No verified proof-of-concept code is publicly available. Refer to the GitHub Security Advisory GHSA-3875-8gcx-7v46 and the VulnCheck Advisory on n8n for vendor-supplied technical detail.
Detection Methods for CVE-2026-56348
Indicators of Compromise
- Requests to POST /rest/dynamic-node-parameters/options containing external or unexpected URLs in the loadOptions or endpoint parameters.
- Outbound HTTP connections from the n8n server process to domains not present in N8N_ALLOWED_HTTP_REQUEST_DOMAINS.
- Authentication failures or unusual usage patterns on third-party APIs whose credentials are stored in n8n.
- n8n audit log entries showing credential access by accounts that do not normally execute workflows.
Detection Strategies
- Inspect n8n access logs for dynamic-node-parameters/options calls and correlate the referenced credential IDs with the destination host.
- Compare outbound DNS and HTTP egress from the n8n host against the configured allowed-domains list, alerting on deviations.
- Hunt for newly created or recently modified low-privilege n8n users that have been granted credential read permissions.
Monitoring Recommendations
- Enable n8n audit logging and forward events to a centralized SIEM for retention and correlation.
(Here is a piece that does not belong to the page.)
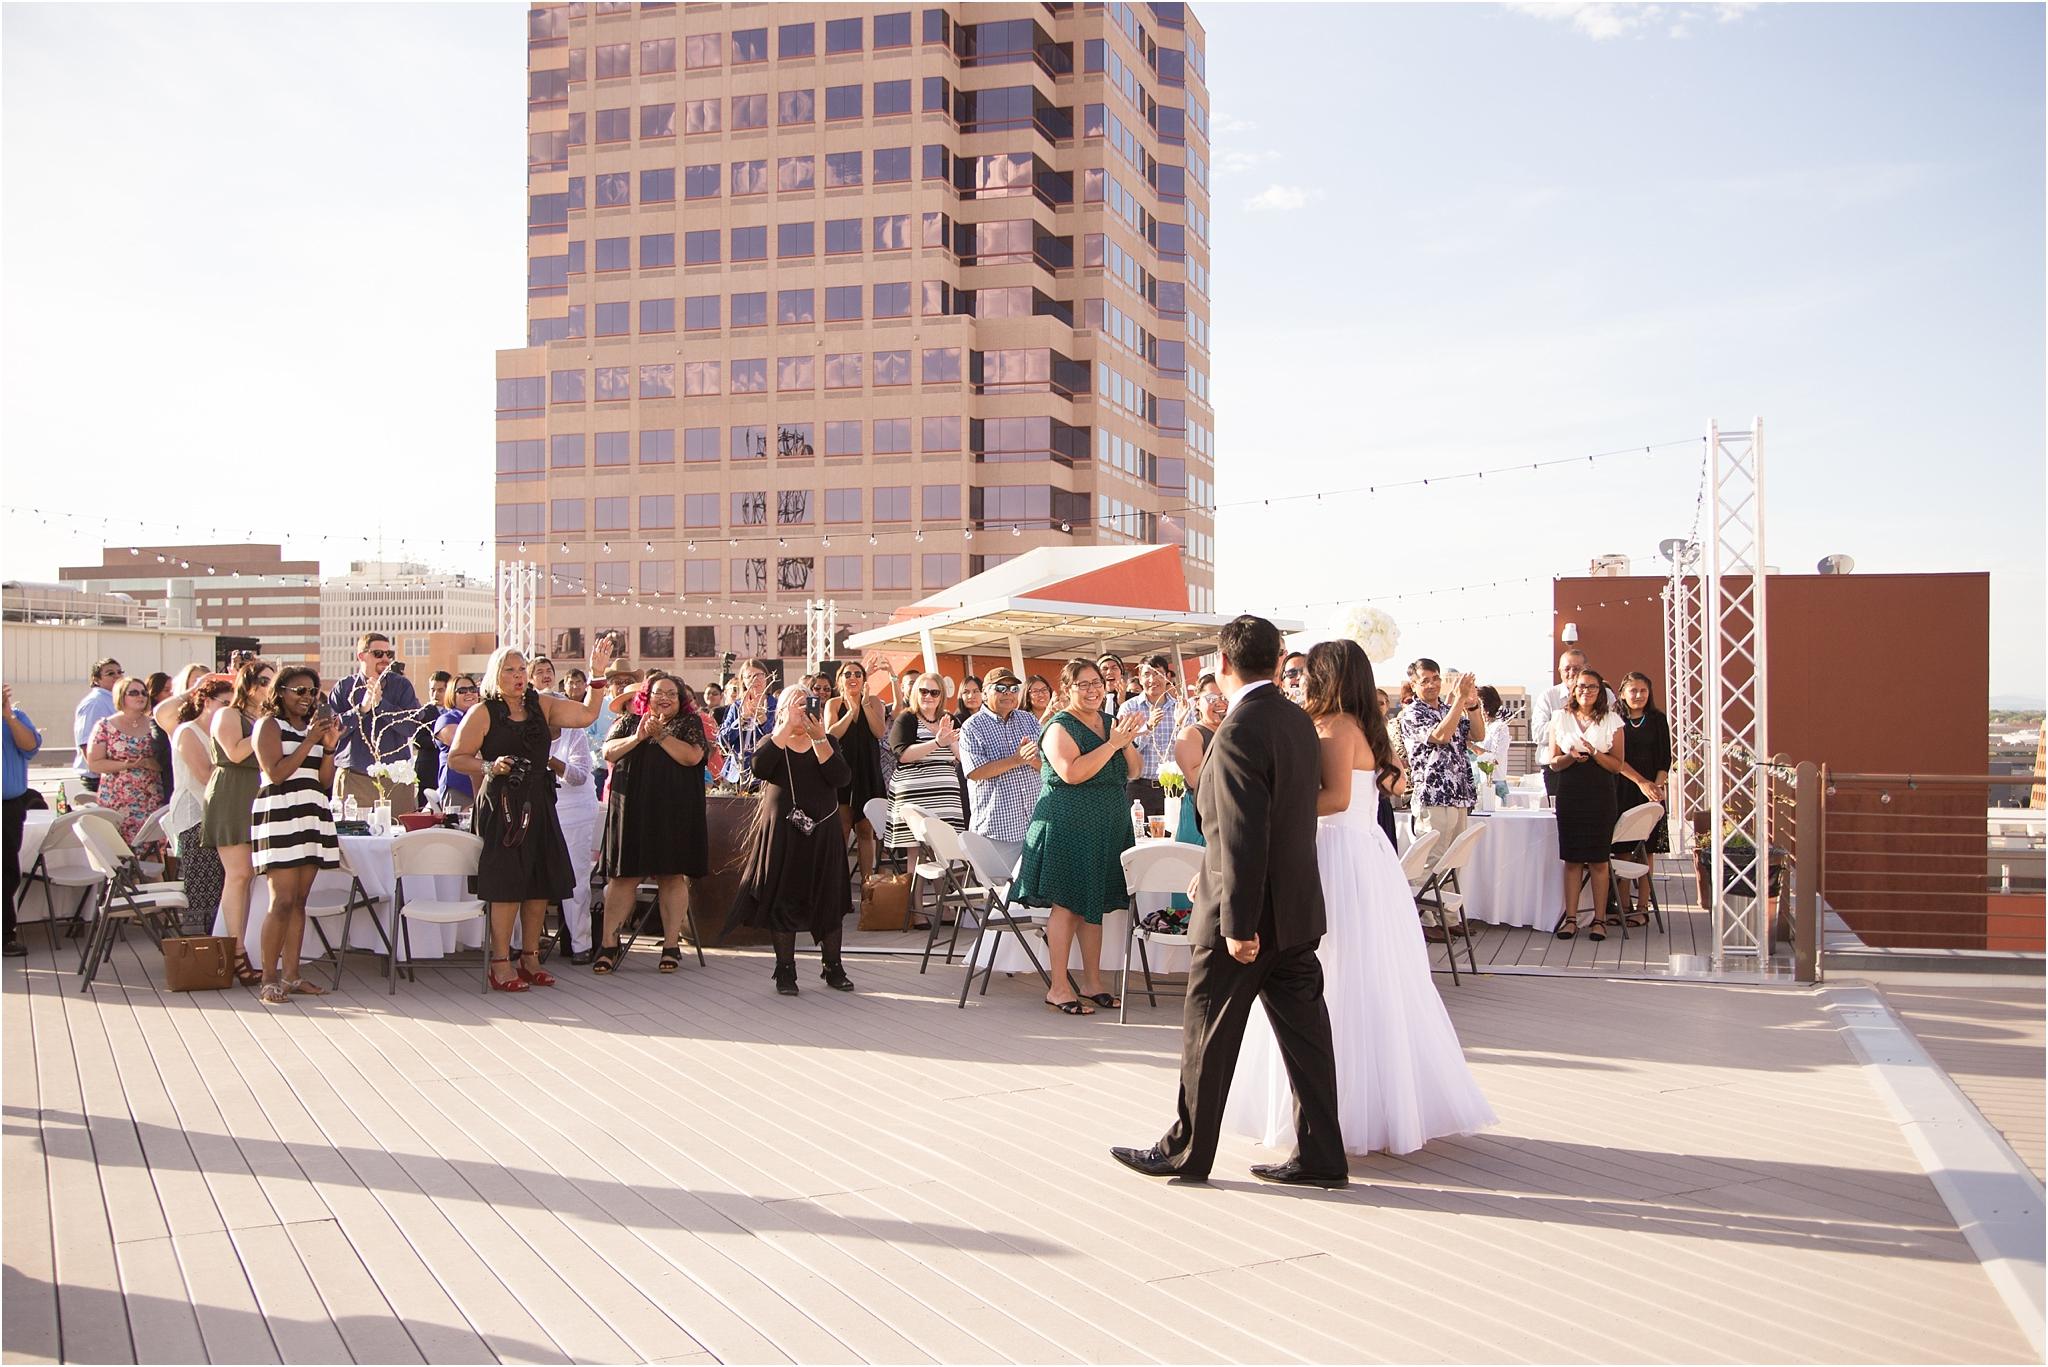 kayla kitts photography - albuquerque botanical gardens - albuquerque wedding photographer - albuquerque wedding - the banque lofts wedding_0029.jpg

- Place the n8n server behind an egress proxy that enforces an explicit allow-list of outbound destinations.
- Rotate any credential suspected of exposure and monitor third-party API audit logs for use from unexpected IP addresses.
How to Mitigate CVE-2026-56348
Immediate Actions Required
- Upgrade all n8n instances (Community and Enterprise) to version 2.20.0 or later.
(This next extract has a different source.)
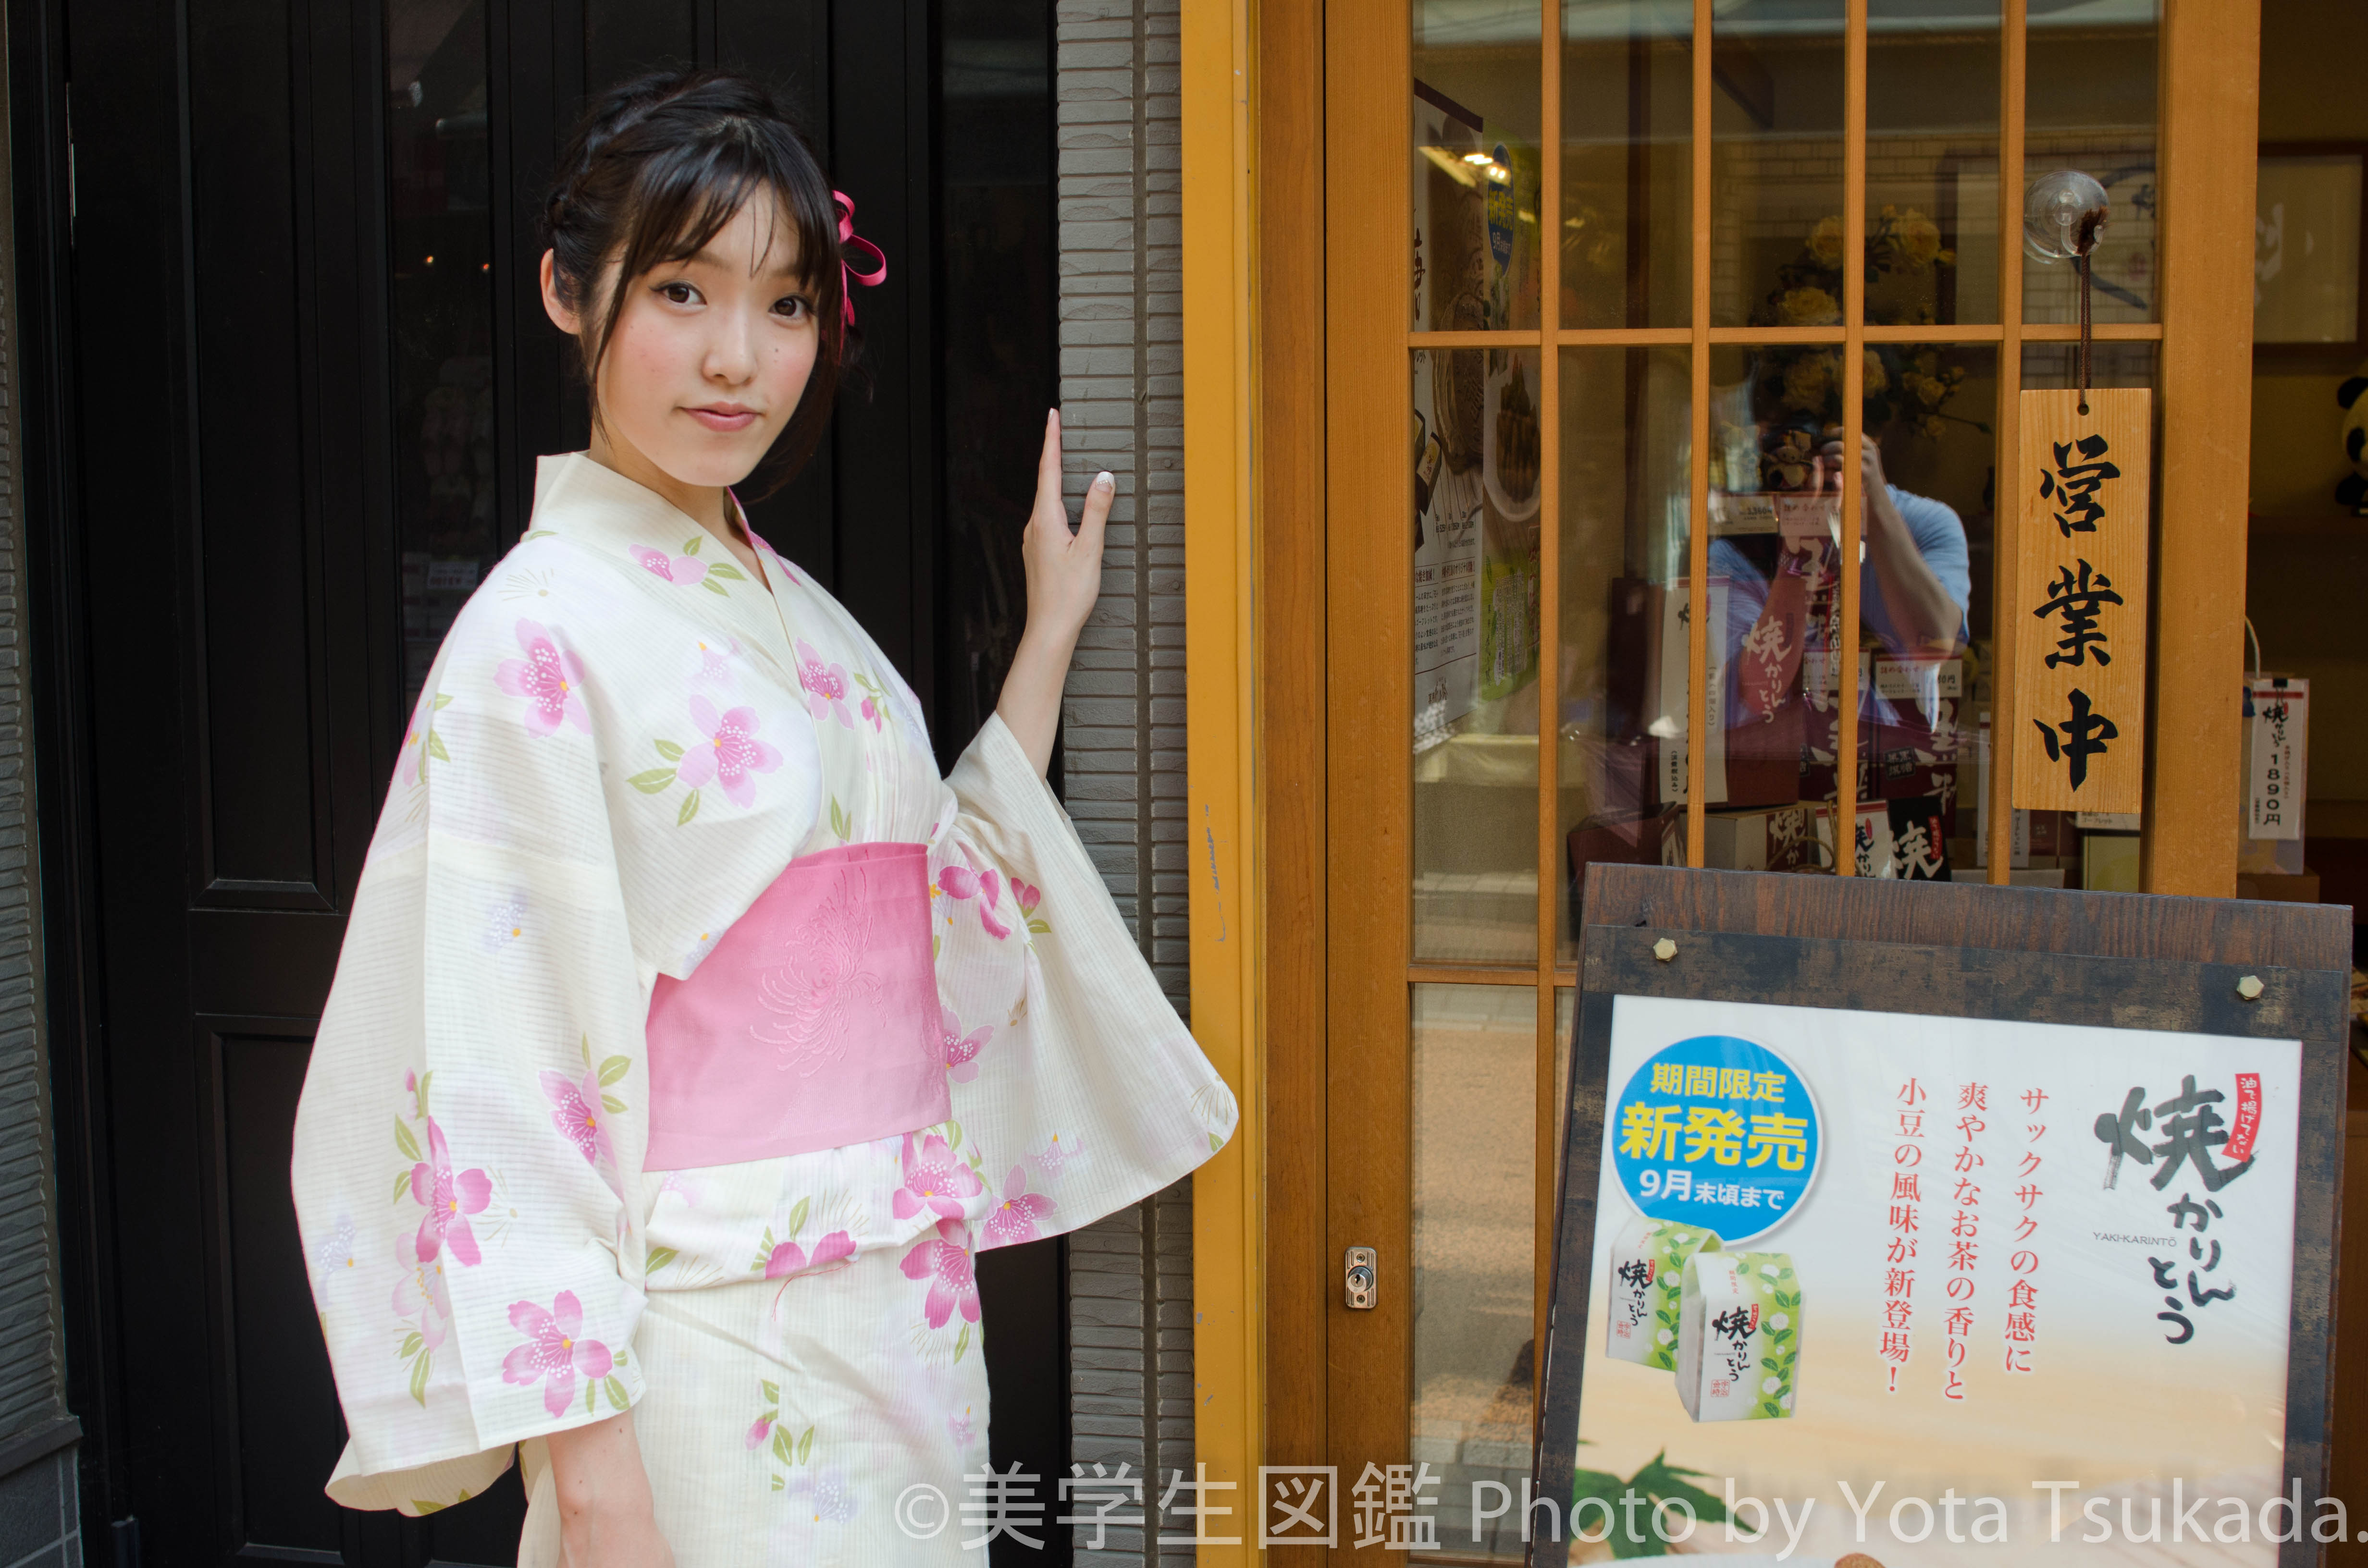 オフショット#163 細谷 夏生 @東京大学★浴衣美女特集

- Rotate credentials stored in n8n if logs indicate suspicious calls to /rest/dynamic-node-parameters/options prior to patching.
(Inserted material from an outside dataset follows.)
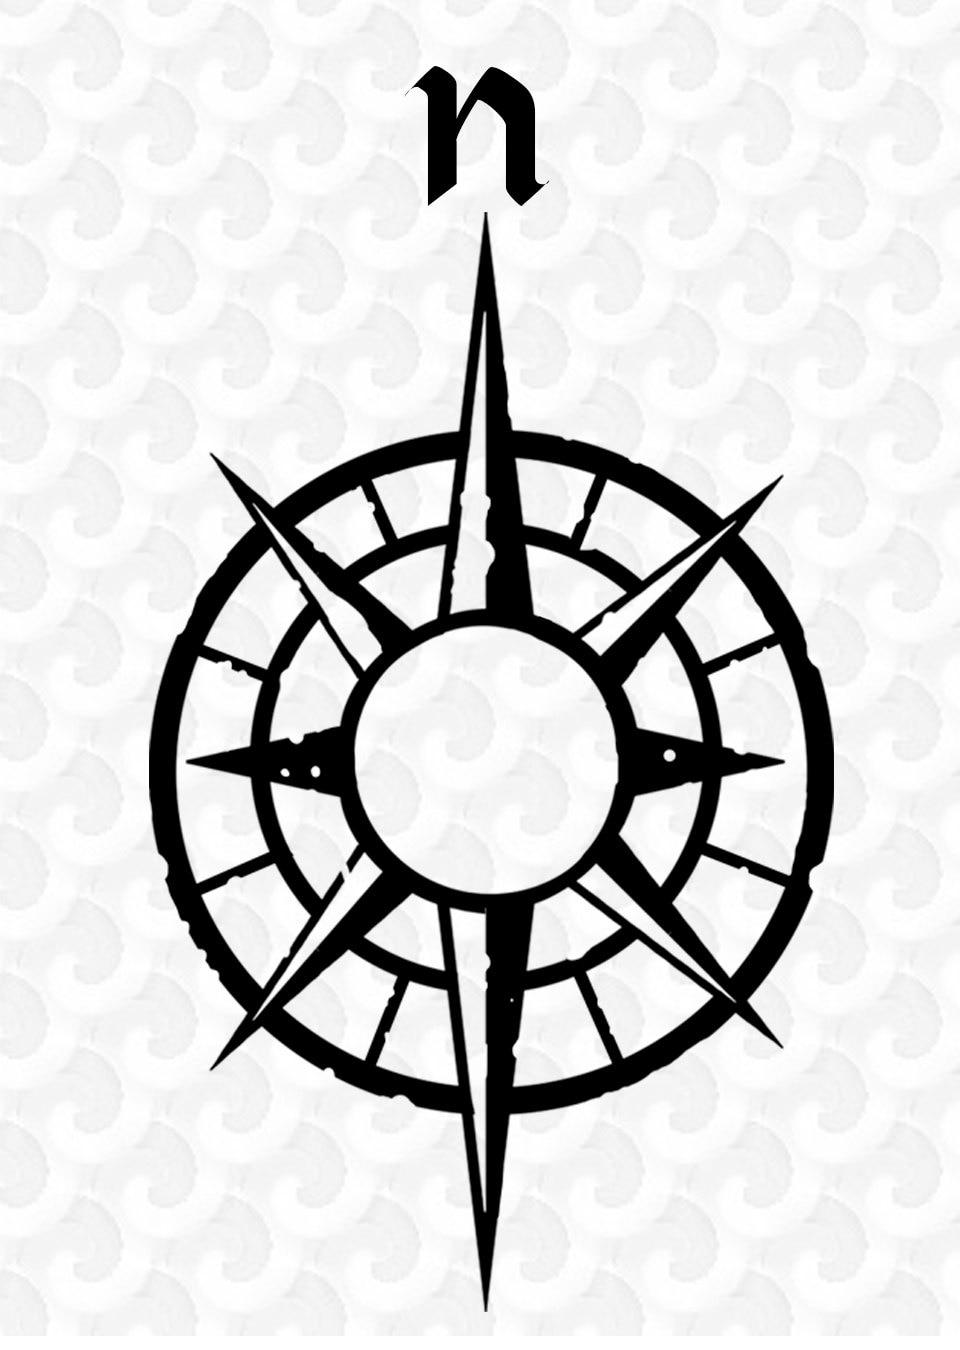 clip art map compass clip art silhouette png graphics instant rh etsystudio com clip art compression stockings clip art compass directions

- Review and tighten n8n user roles, restricting credential access to operators who genuinely require it.
- Enforce strong authentication and remove unused accounts to reduce the pool of authenticated abusers.
Patch Information
n8n version 2.20.0 introduces enforcement of the Allowed HTTP Request Domains policy on the dynamic node parameters endpoint. Patch details are published in the GitHub Security Advisory GHSA-3875-8gcx-7v46. Self-hosted operators should pull the updated Docker image or npm package and restart the service after upgrade.
Workarounds
- Restrict network egress from the n8n host to an explicit list of trusted third-party API domains using a firewall or egress proxy.
- Limit access to the n8n REST API to trusted networks via reverse-proxy IP allow-listing until the upgrade is applied.
- Reduce the number of users granted credential read or edit permissions and audit existing role assignments.
# Example egress allow-list enforcement using iptables on the n8n host
# Block all outbound HTTP/HTTPS by default, then allow approved domains via proxy
iptables -A OUTPUT -p tcp --dport 443 -d api.trusted-vendor.com -j ACCEPT
iptables -A OUTPUT -p tcp --dport 443 -j REJECT
# Verify n8n version after upgrade
npm list -g n8n
# or for Docker deployments
docker exec n8n n8n --version
Disclaimer: This content was generated using AI. While we strive for accuracy, please verify critical information with official sources.